## [Given data]

━━━━━━━━━━

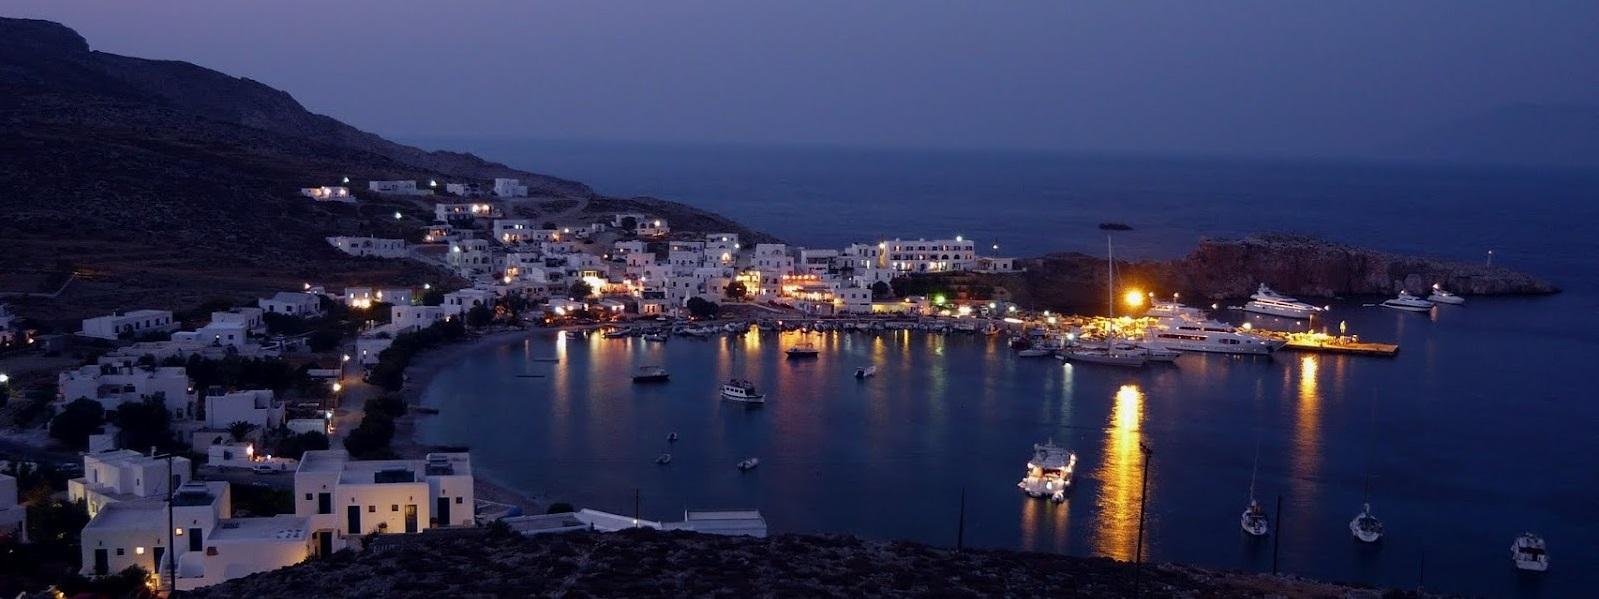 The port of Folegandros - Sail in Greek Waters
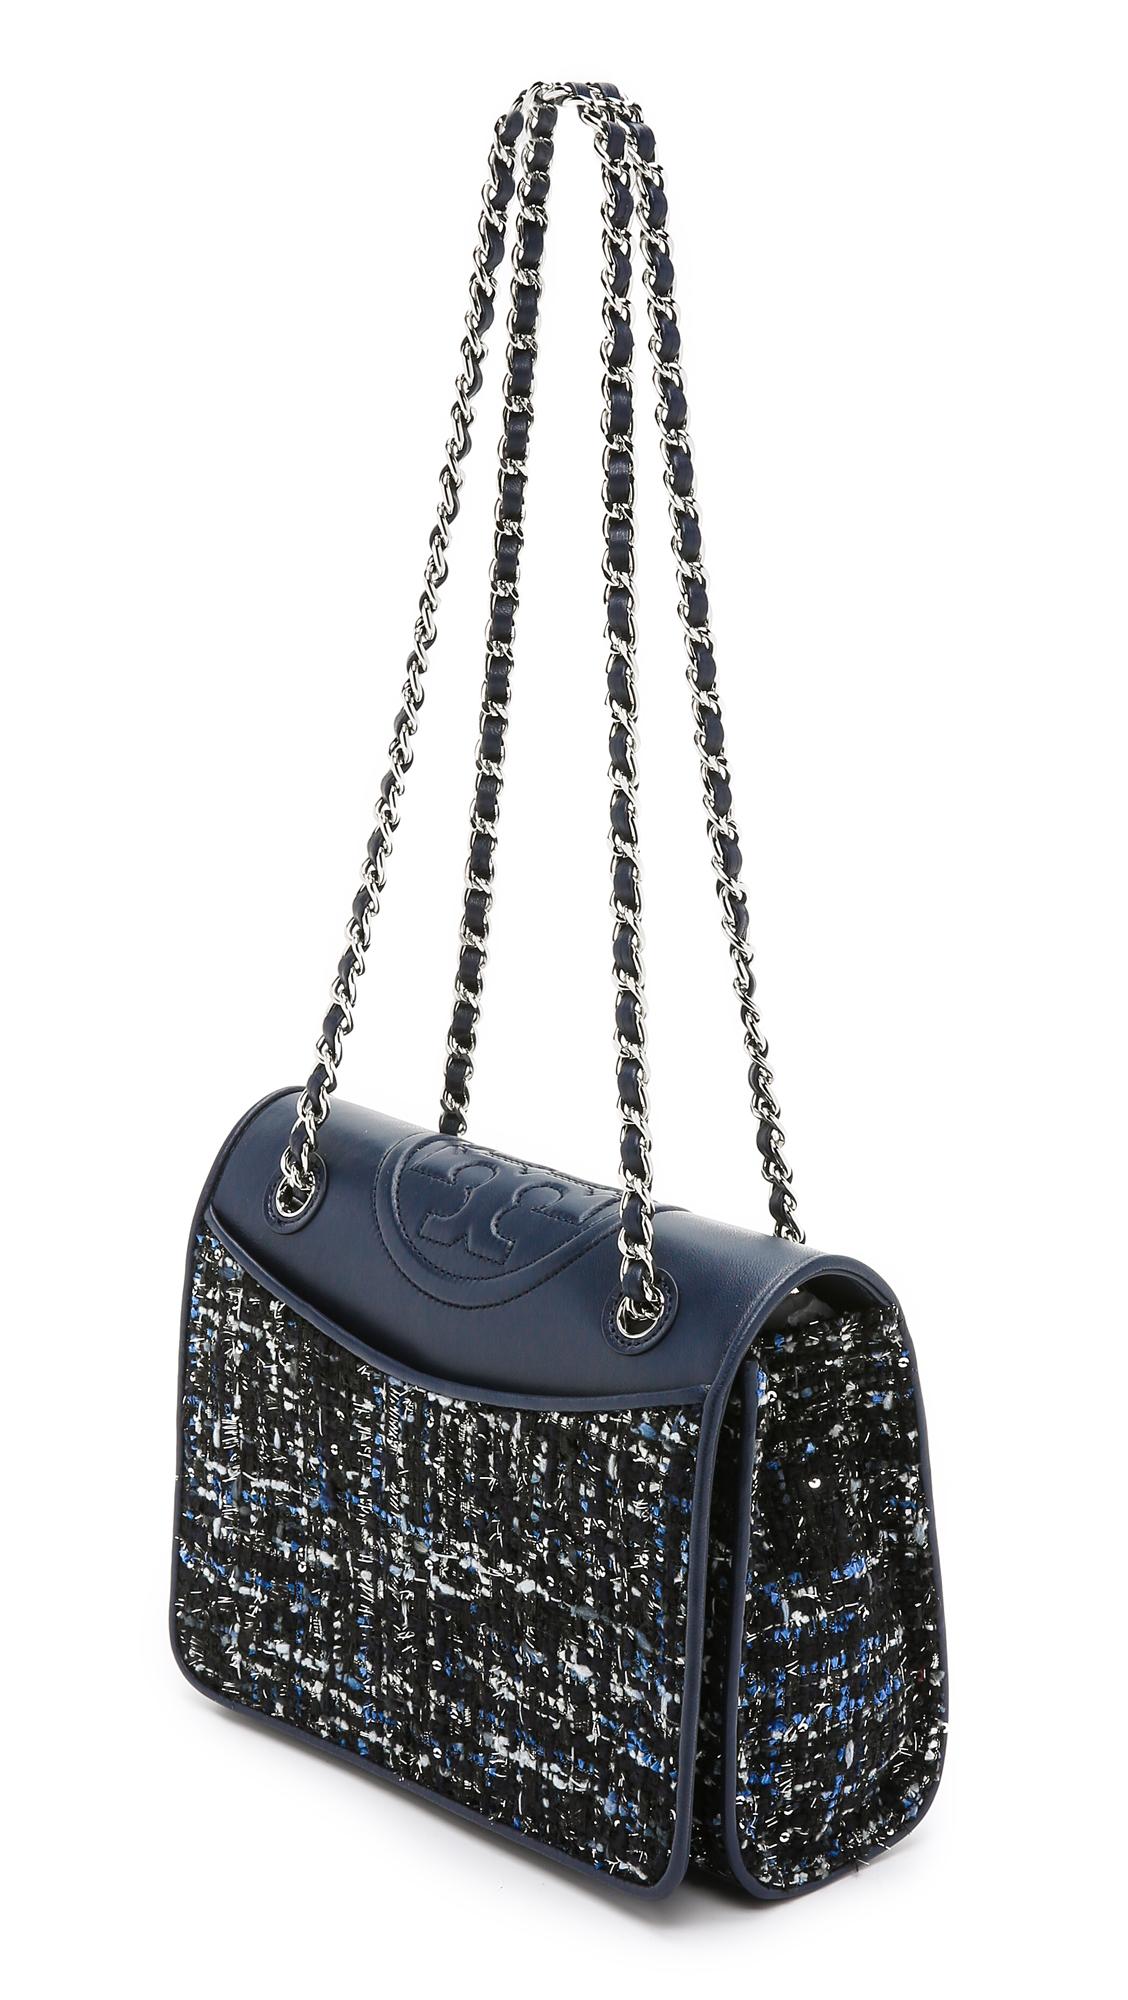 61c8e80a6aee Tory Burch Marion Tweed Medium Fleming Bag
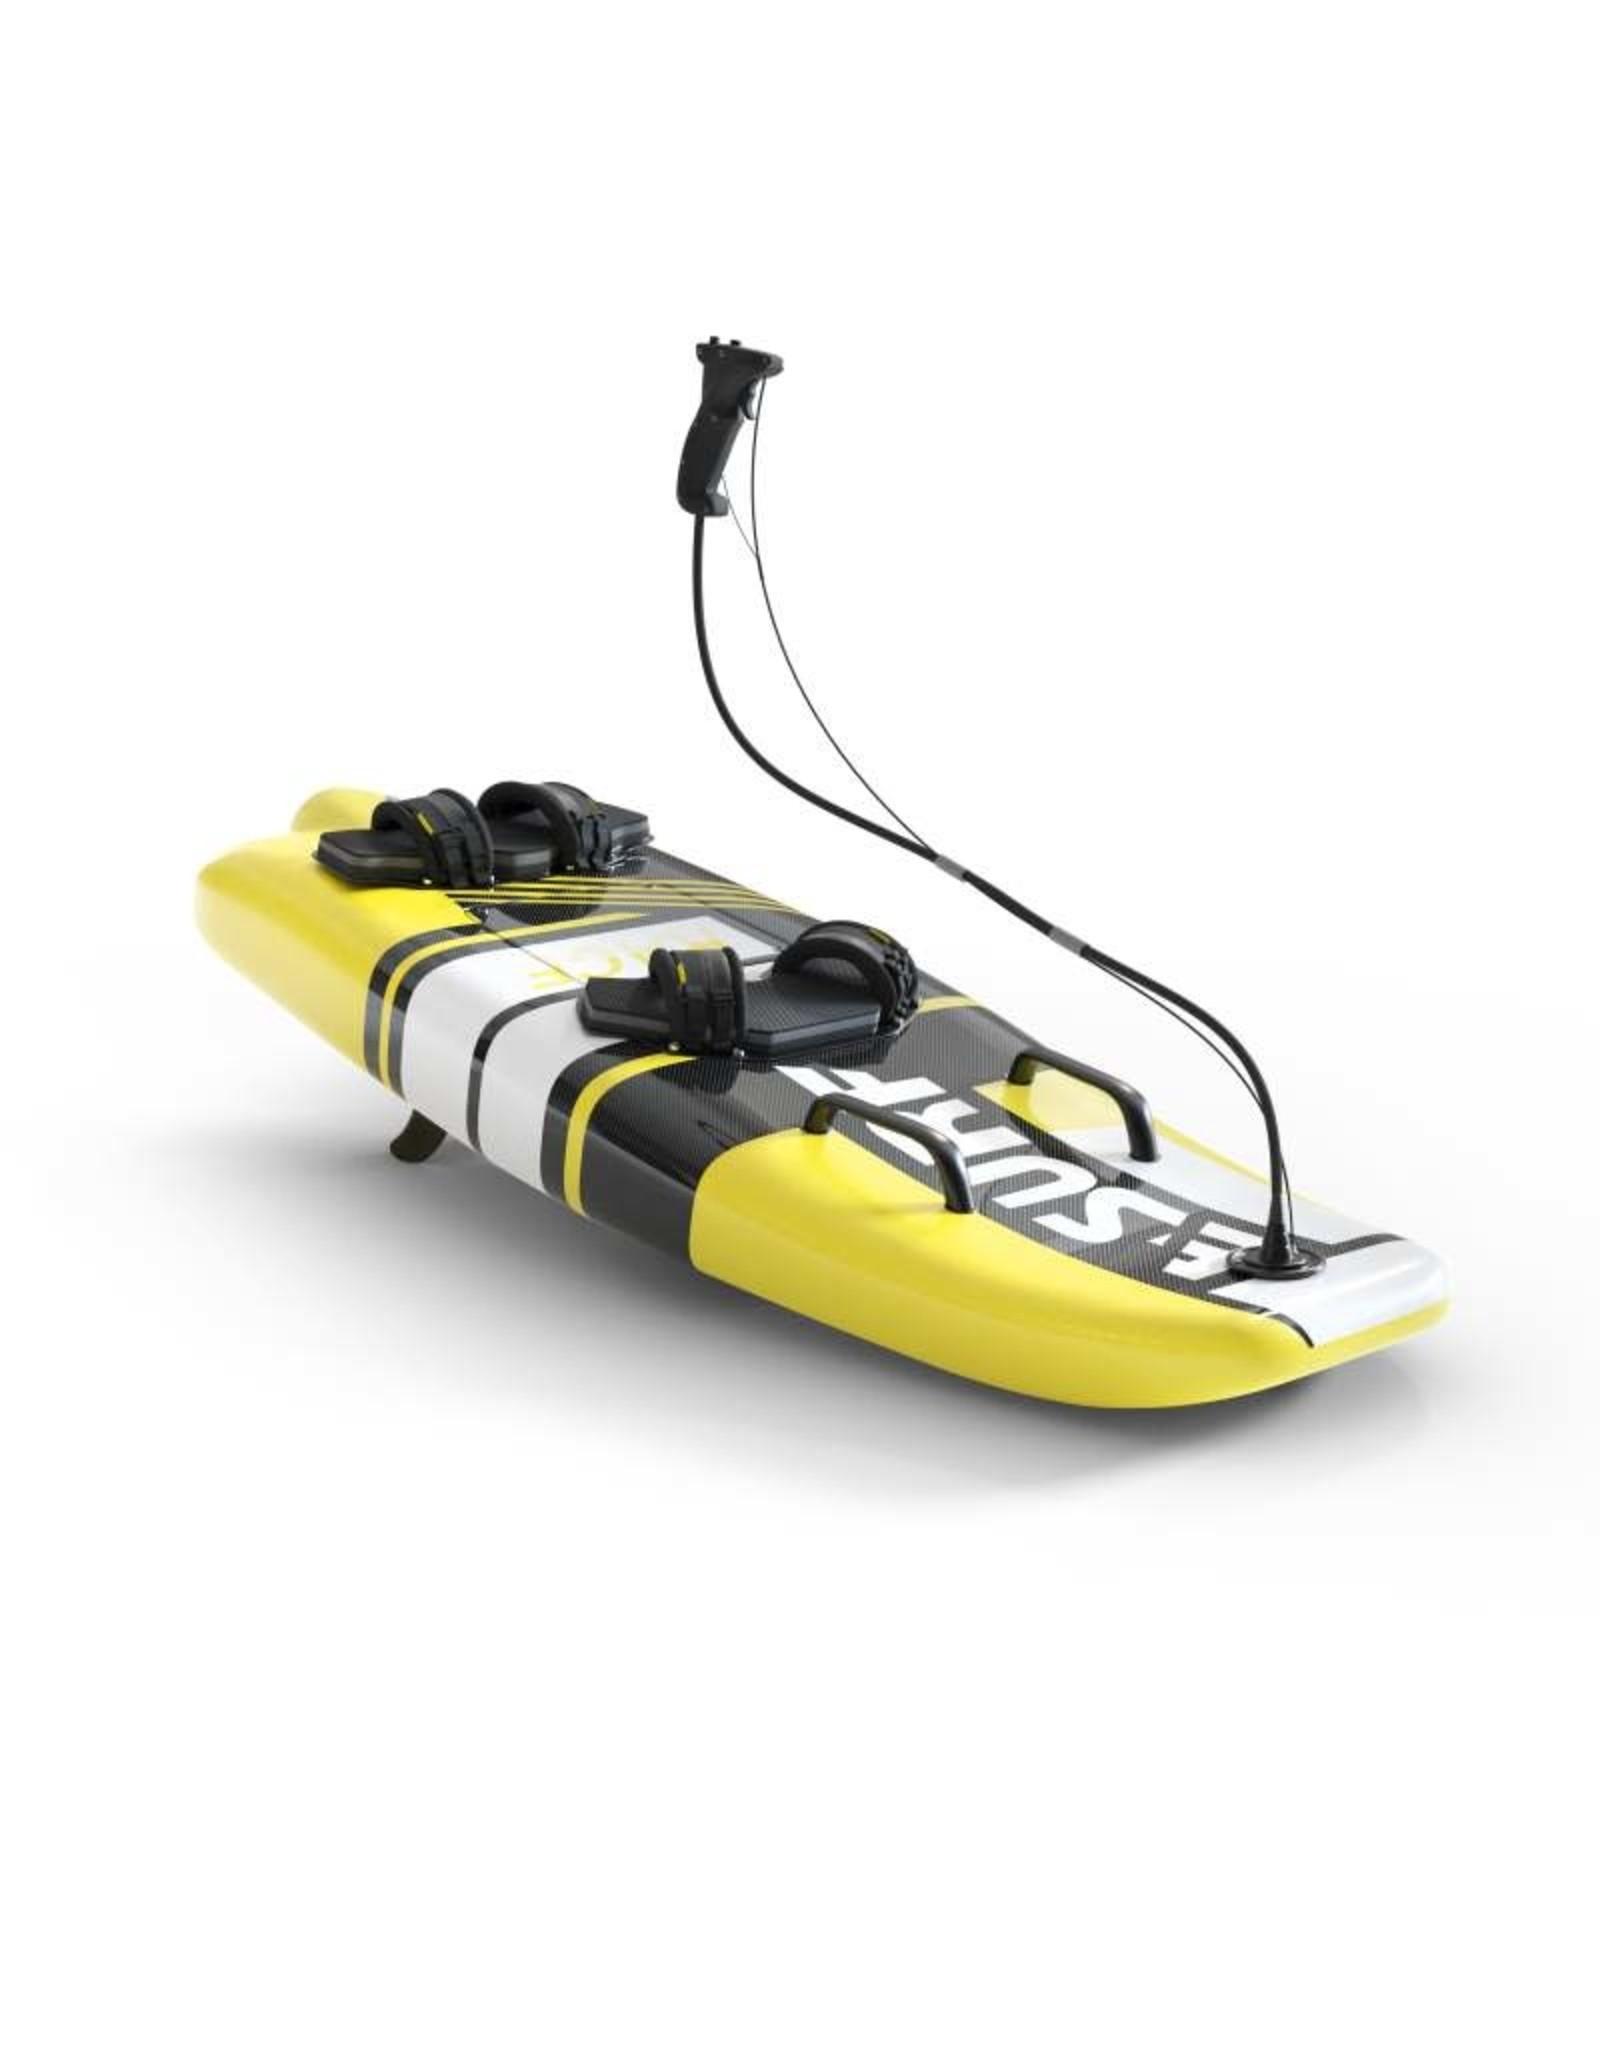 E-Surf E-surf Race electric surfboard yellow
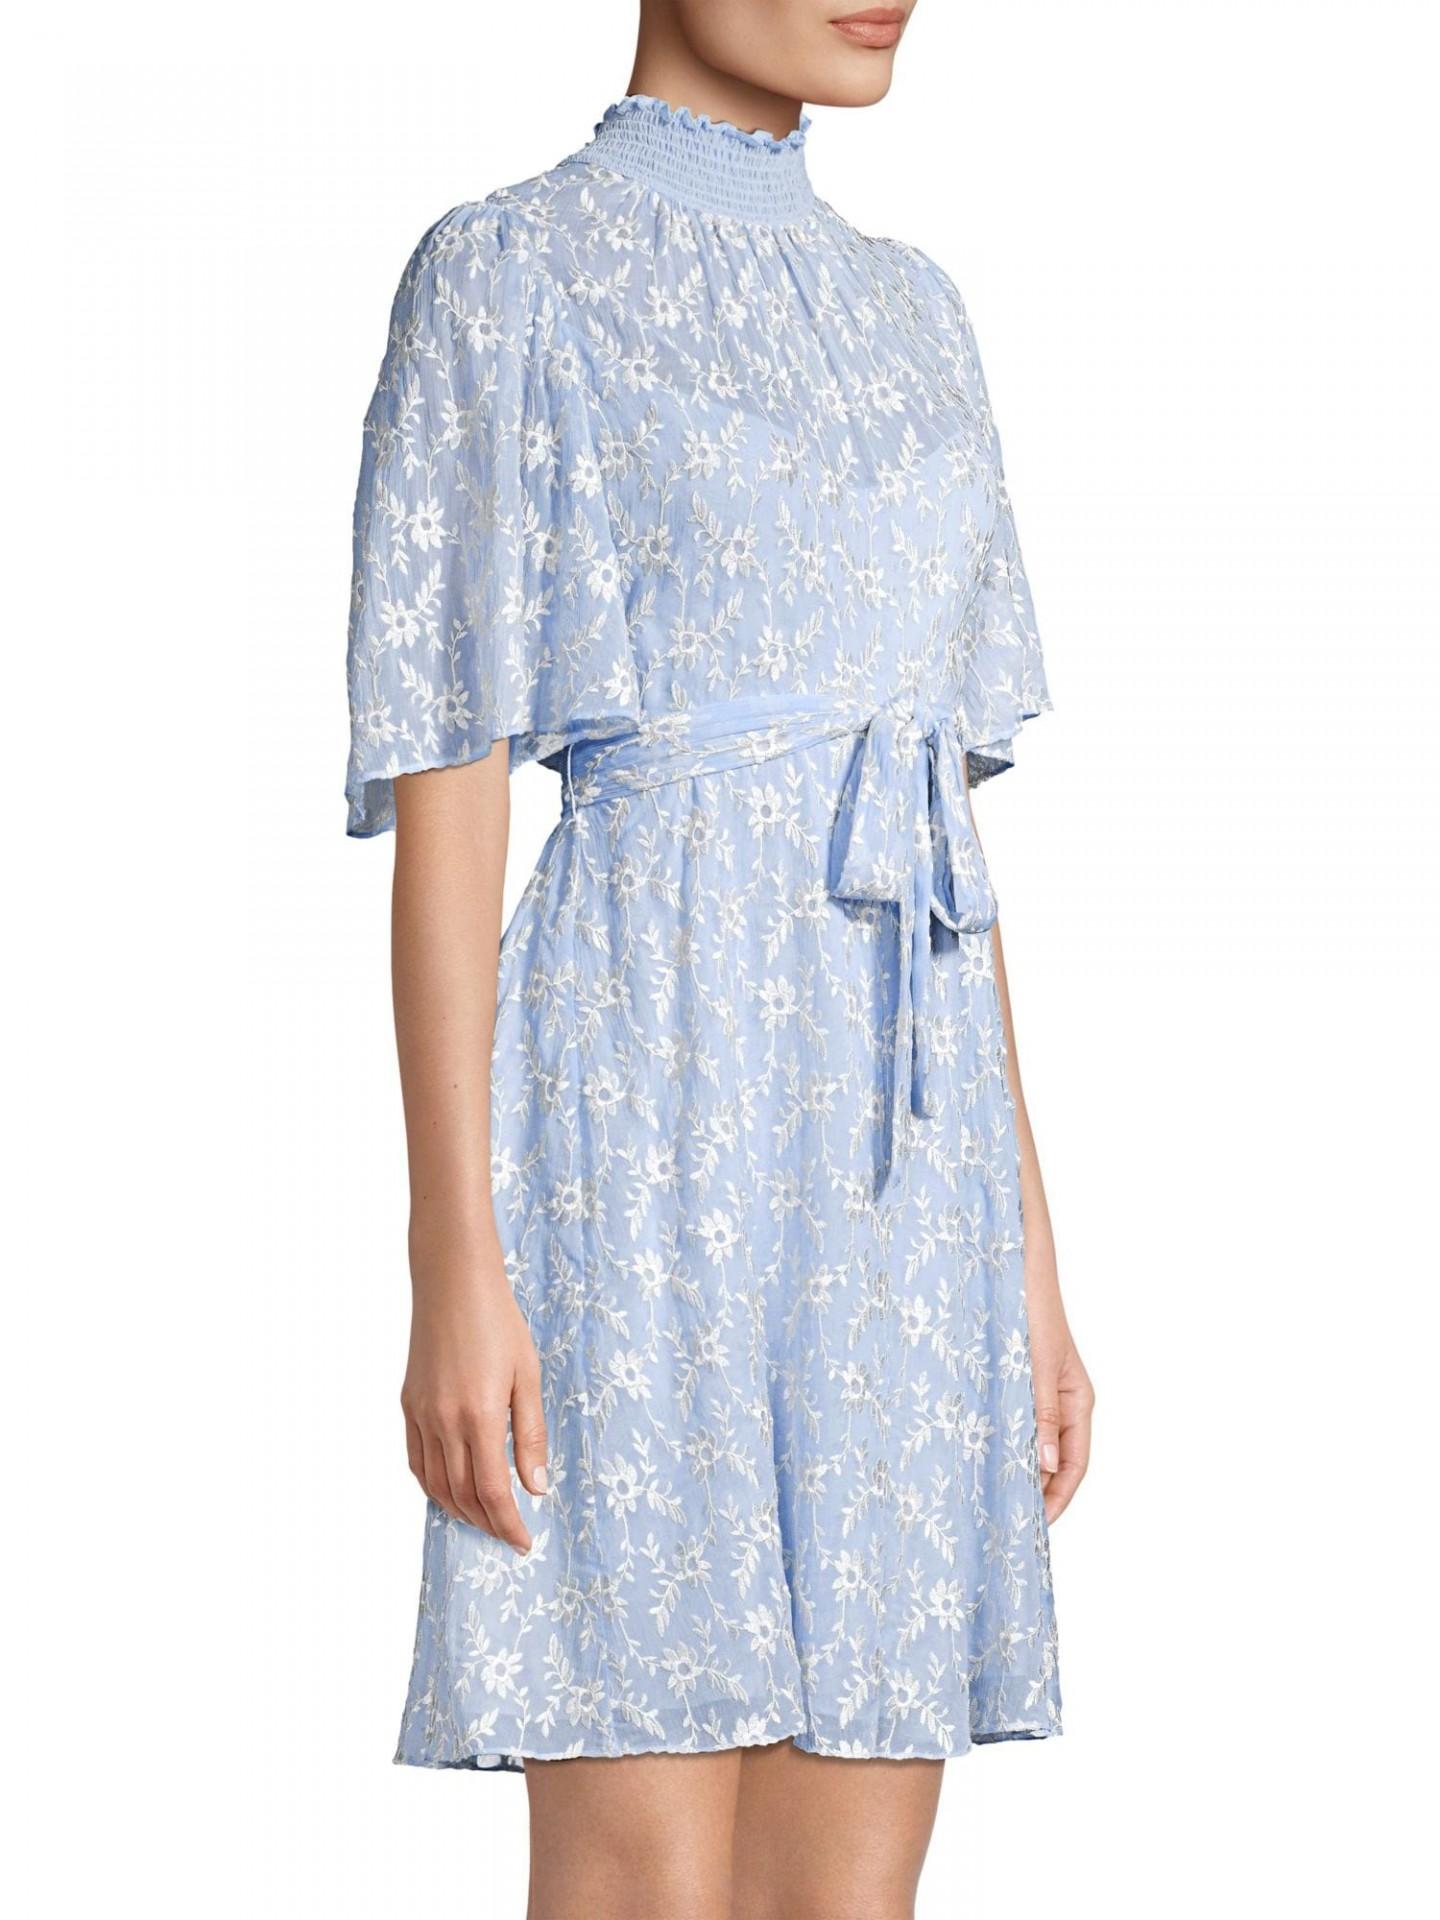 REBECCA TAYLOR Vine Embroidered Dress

━━━━━━━━━━

With the pictures left out, copy exactly the lines from the one containing "61c8e80a6aee Tory Burch" through the last line of the data.

## [Task answer]
 61c8e80a6aee Tory Burch Marion Tweed Medium Fleming Bag
 E-Surf E-surf Race electric surfboard yellow
 REBECCA TAYLOR Vine Embroidered Dress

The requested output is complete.